# Classifying Names with a Character Level RNN

In this tutorial we try to predict the nationality of a name by processing it through a bidirectional LSTM one character at a time. We have 18 input files, each corresponding to a different nationality. We will store the names in a dictionary of the form `{'Nationality': [name1, name2, ...], ...}`. The [`glob` module](https://docs.python.org/3/library/glob.html) is more convenient than `os.listdir` for this purpsose, as it returns the full path.

In [35]:
from io import open
import glob
import string
from functools import reduce


file_list = glob.glob('../data/names/*.txt')
print(file_list)

['../data/names/German.txt', '../data/names/Arabic.txt', '../data/names/Vietnamese.txt', '../data/names/Dutch.txt', '../data/names/Polish.txt', '../data/names/Portuguese.txt', '../data/names/Scottish.txt', '../data/names/Korean.txt', '../data/names/Irish.txt', '../data/names/Russian.txt', '../data/names/Czech.txt', '../data/names/Greek.txt', '../data/names/Italian.txt', '../data/names/Spanish.txt', '../data/names/French.txt', '../data/names/Japanese.txt', '../data/names/English.txt', '../data/names/Chinese.txt']

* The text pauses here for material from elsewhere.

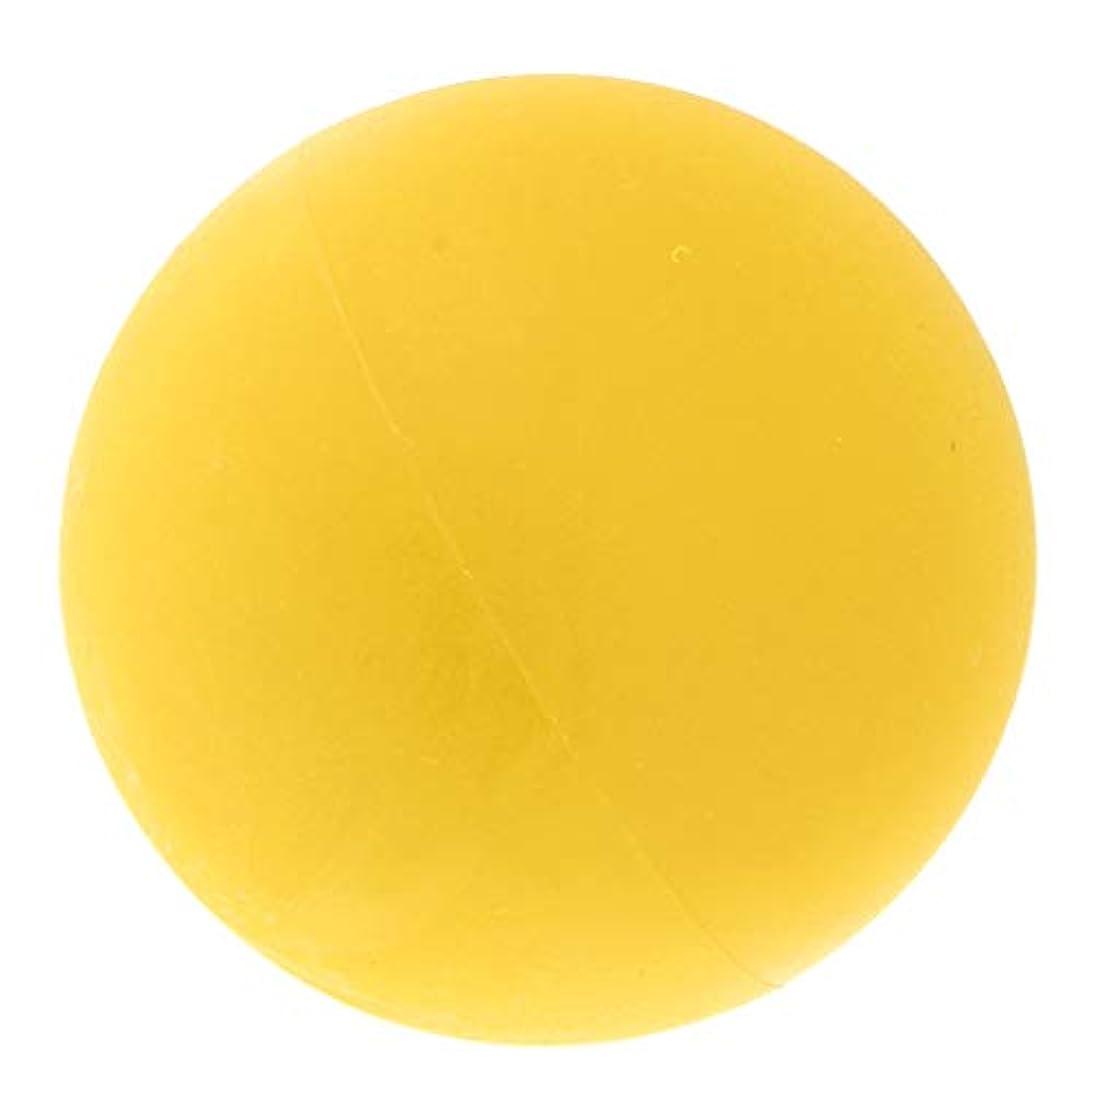 P Prettyia マッサージボール トリガーポイント 筋膜リリース トレーニング ヨガ ツボ押しグッズ 全4色 - 黄

Let's create the dictionary:

In [46]:
category_lines = {}
for file_name in file_list:
    nationality = os.path.basename(os.path.splitext(file_name)[0])
    name_list = []
    for line in open(file_name, 'r'):
        name_list.append(line.rstrip())
    category_lines[nationality] = name_list

Some of the names contain accents and other non-ASCII characters that can make things complicated. We may convert all the characters to plain ASCII, as shown in the vignette, but our task would probably be easier if we could account for the non-ASCII characters. Let's try this approach! We read each file in turn, and for each file we extract the set of unique characters.

In [26]:
def get_unique_characters(filename):
    character_sets = []
    for name in open(filename, 'r'):
        character_sets.append(set(name.lower()))
    unique_characters = reduce(set.union, character_sets)
    return unique_characters

Let's try with the first element of `file_list`, which contains the German names.

In [30]:
unique_german = get_unique_characters(file_list[0])
print(unique_german)
print(len(unique_german))

{'g', 'ß', 'ä', 'w', 'i', 'k', 'd', 'n', 'l', 'e', 'ü', 'x', 'q', 'o', 'ö', ' ', 'y', '\n', 'c', 'b', 'a', 'h', 'f', 'z', 's', 'm', 't', 'r', 'v', 'u', 'j', 'p'}
32


Let's run this method on all files:

In [29]:
all_unique_characters = [get_unique_characters(f) for f in file_list]
all_unique_characters = reduce(set.union, all_unique_characters)
print(all_unique_characters)
print(len(all_unique_characters))

{"'", ',', 'g', 'ß', 'ä', 'w', 'i', 'k', 'ż', '-', '/', '1', 'á', 'e', 'õ', 'ł', 'ö', ' ', 'ñ', '\n', 'b', 'ã', 'a', 'é', ':', 's', 'm', 't', '\xa0', 'u', 'p', 'ú', 'ą', 'à', 'ì', 'd', 'ń', 'n', 'ê', 'l', 'ò', 'ü', 'x', 'q', 'ś', 'o', 'í', 'ç', 'ù', 'y', 'c', 'h', 'f', 'z', 'è', 'r', 'v', 'j', 'ó'}
59


This gives us all the characters appearing in the files. We can turn this into a dictionary to later create one-hot encodings of the individual characters.

In [34]:
character_dict = {char: ix for ix, char in enumerate(all_unique_characters)}
print(character_dict)

{"'": 0, ',': 1, 'g': 2, 'ß': 3, 'ä': 4, 'w': 5, 'i': 6, 'k': 7, 'ż': 8, '-': 9, '/': 10, '1': 11, 'á': 12, 'e': 13, 'õ': 14, 'ł': 15, 'ö': 16, ' ': 17, 'ñ': 18, '\n': 19, 'b': 20, 'ã': 21, 'a': 22, 'é': 23, ':': 24, 's': 25, 'm': 26, 't': 27, '\xa0': 28, 'u': 29, 'p': 30, 'ú': 31, 'ą': 32, 'à': 33, 'ì': 34, 'd': 35, 'ń': 36, 'n': 37, 'ê': 38, 'l': 39, 'ò': 40, 'ü': 41, 'x': 42, 'q': 43, 'ś': 44, 'o': 45, 'í': 46, 'ç': 47, 'ù': 48, 'y': 49, 'c': 50, 'h': 51, 'f': 52, 'z': 53, 'è': 54, 'r': 55, 'v': 56, 'j': 57, 'ó': 58}